Does God actually promise earthly prosperity or temporal wealth to believers as a part of His commitment to provide for us? What about physical healing, or deliverance from tribulation, or persecution?
- Philippians 4:19: “But my God shall supply all your need according to his riches in glory by Christ Jesus.” — What are our needs? – “And having food and raiment let us be therewith content” (1 Timothy 6:8).
- Matthew 6:33: “But seek ye first the kingdom of God, and his righteousness; and all these things shall be added unto you.” — What “things” is He talking about? – “Therefore take no thought, saying, What shall we eat? or, What shall we drink? or, Wherewithal shall we be clothed? (For after all these things do the Gentiles seek:) for your heavenly Father knoweth that ye have need of all these things” (Matthew 6:31-32).
These promises, along with many others, encourage us to view life from a positive perspective.
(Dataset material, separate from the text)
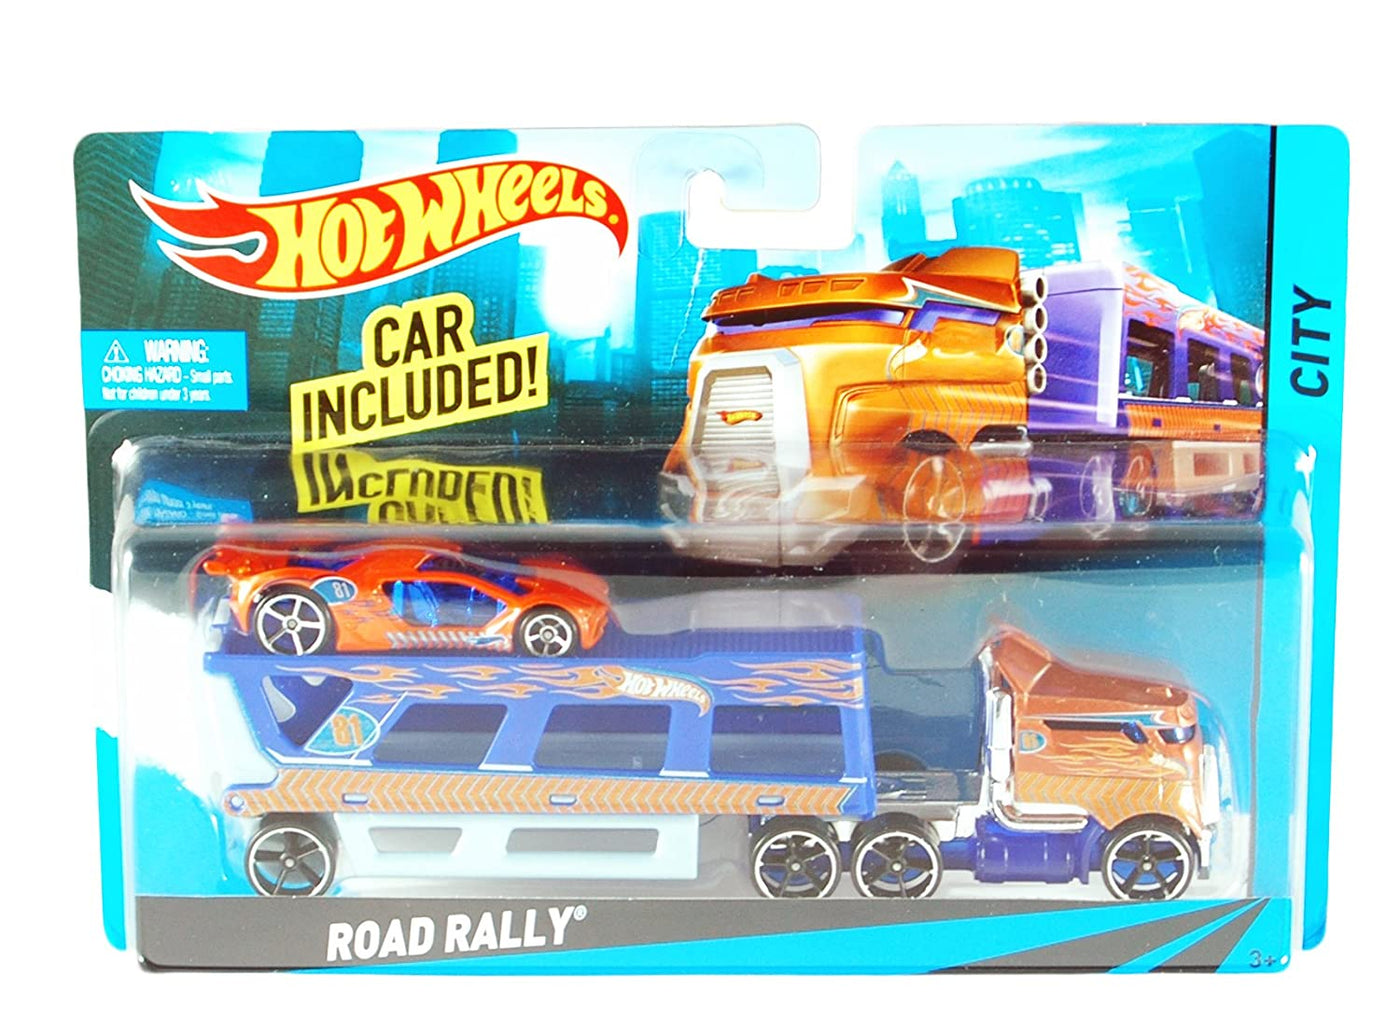 City Road Rally Toy Car Set | Hot Wheels®

We can, and should depend on God to help us when we face unexpected challenges, but the character of that “help” is determined by God’s purpose for us, rather than our desires.
We live in human, sinful flesh. Our flesh provides physical pleasure, fulfillment, and from a human perspective, purpose for our existence. But it is also the source of our pain, suffering, disappointment and confusion. It is our flesh that will cause our human death. Therefore, it is only reasonable for us to focus on the quality of this life, and it is not wrong for us to do so. We must, however, maintain an eternal perspective.
God’s concern for us has far less to do with the quality of our earthly life than the strength of our character. Romans 8:29: “For whom he did foreknow, he also did predestinate to be conformed to the image of his Son, that he might be the firstborn among many brethren.” The ultimate goal for every believer is to be conformed to the image of Christ. He is our example. Earthly challenges help to shape our character and make us more like our Savior.
God’s concern for us has far less to do with the quality of our earthly life than the status of our personal relationship with Him. Jesus did not die on the cross to save us from pain and suffering in this life. If He had, then no man would ever have to die. In Ephesians 2 we learn that Jesus died to break down the “middle wall of partition” between us and God, reconciling us to Him and providing us with access “by one spirit unto the father” (V. 14-18). Our fellowship with the Father is often improved because of those unexpected and undeserved earthly challenges that seem so unbearable.
God’s concern for us has far less to do with the quality of our earthly life than the glory of our eternal home. Becoming too focused on earthly possessions encourages us to undervalue that which is most significant in our lives as believers. Jesus told His disciples to “Lay not up for yourselves treasures upon earth, where moth and rust doth corrupt, and where thieves break through and steal: But lay up for yourselves treasures in heaven, where neither moth nor rust doth corrupt, and where thieves do not break through nor steal: For where your treasure is, there will your heart be also” (Matthew 6:19-21).
Is there ever a cause for despair in the life of a believer? It depends upon our focus. Abraham, Joseph, Moses, David, Job, Elijah, Paul and Peter, along with most of Jesus’ disciples had battles with despair – because they were clothed in human flesh. It is important, however, to remember that they did not stay there. Once they got their focus redirected, the despair gave way to faith, hope, and patience as they anticipated the fulfillment of God’s promises to them.
It matters not what we are going through. God is eagerly at work, and when His work is finished we will not only recognize the benefit of His work, we will be thankful for it, because at that point we will understand that everything was done specifically “for our good.”